Mode Comparison for High-Efficiency PAs
| Mode | Ideal Drain Eff. | 2nd Harmonic | 3rd Harmonic | Typical Frac. BW | Notes |
|---|---|---|---|---|---|
| Continuous Class-F | 90.7% (3rd) | Reactive arc (∝γ) | Open | 40 to 60% | Broadband, design locus |
| Class-F | 90.7% (3rd) | Short | Open | 2 to 8% | Narrowband, fixed points |
| Inverse Class-F | 90.7% (3rd) | Open | Short | 2 to 8% | Swaps current/voltage shaping |
| Class-J | ~78.5% | Reactive (∝β) | Soft | 30 to 50% | Wideband, no 3rd-harmonic open |
| Class-E | ~85 to 90% | Capacitive | Switch-defined | 5 to 15% | Switch-mode, high peak voltage |
Frequently Asked Questions
How does continuous Class-F differ from standard Class-F?
Standard Class-F fixes a short at every even harmonic and an open at every odd harmonic, giving one impedance target and 90.7% ideal efficiency with third-harmonic control. Continuous Class-F multiplies the voltage waveform by a (1 − γ sinθ) reactive factor, with γ swept from −1 to +1. Every γ is fully efficient, so the fundamental and second-harmonic targets become arcs on the Smith chart instead of points, and a matching network can satisfy the condition over a 40 to 60% band.
What harmonic impedances does a continuous Class-F design require?
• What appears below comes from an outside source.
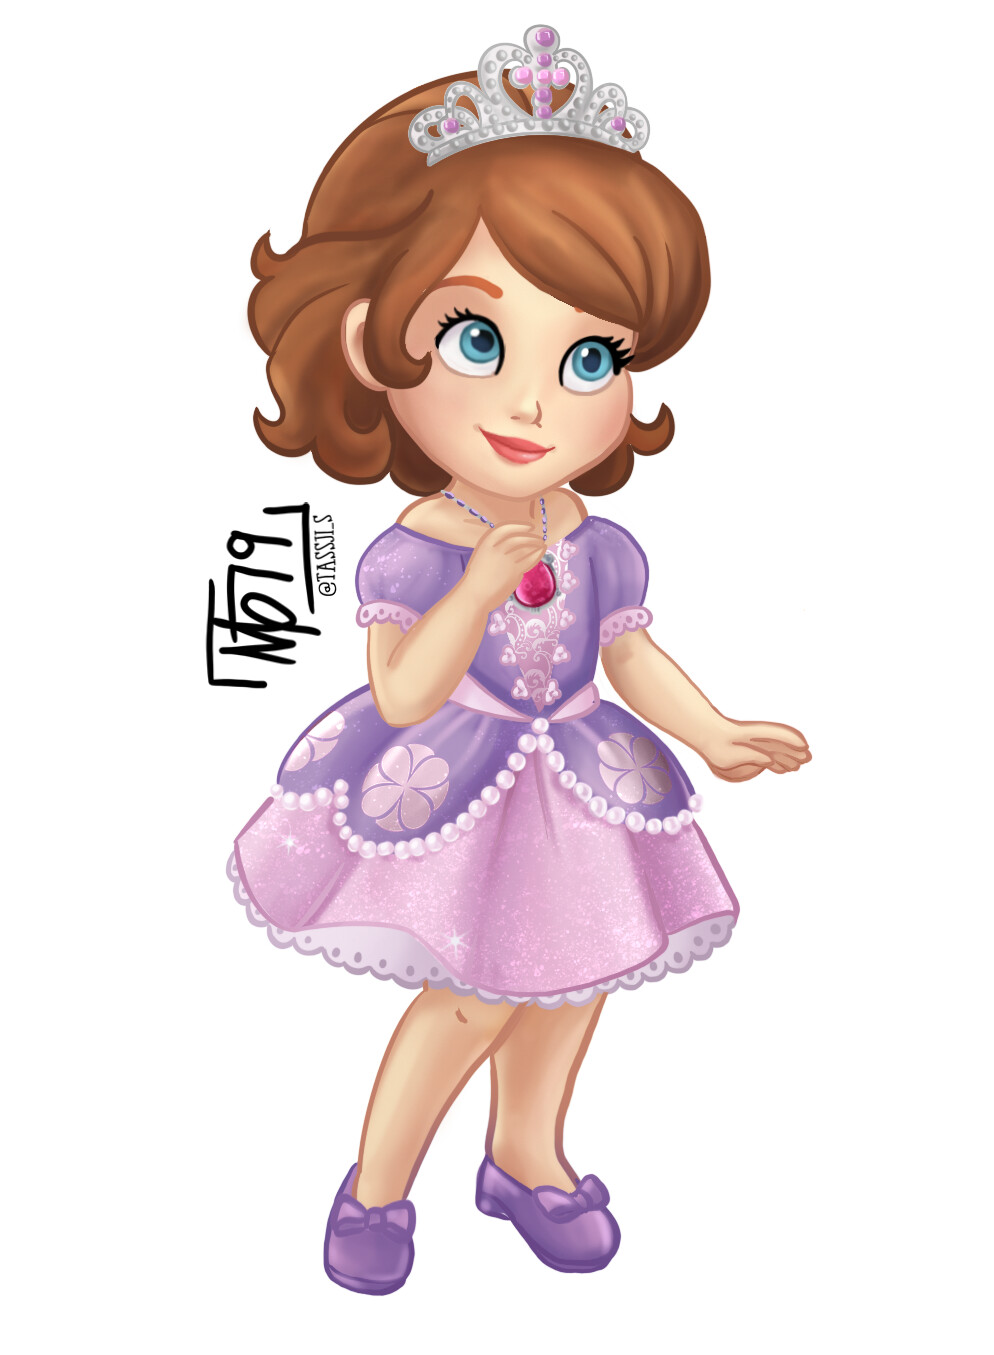 ArtStation - Sofia the First- Disney Toddlers

The fundamental presents Ropt plus a γ-dependent reactance, sweeping an arc around the resistive Class-F point. The second harmonic is a controlled reactance X2 ∝ γ rather than a hard short. The third harmonic is held near an open to flatten the voltage. Designers typically control the first three harmonics and let the fourth and higher settle where the device output capacitance places them; allowing a non-zero second-harmonic reactance is what opens the band.
Why does continuous Class-F give wider bandwidth than Class-F?
Fixed Class-F must hit an exact resistive fundamental, a second-harmonic short, and a third-harmonic open at one frequency, which a real network and the device capacitance cannot hold across frequency. Continuous Class-F replaces each point with a locus, so as the network rotates impedance with frequency the design lands on a different valid γ. GaN HEMT realizations report 1.5 to 2.7 GHz coverage at 70 to 75% drain efficiency and 10 to 13 W.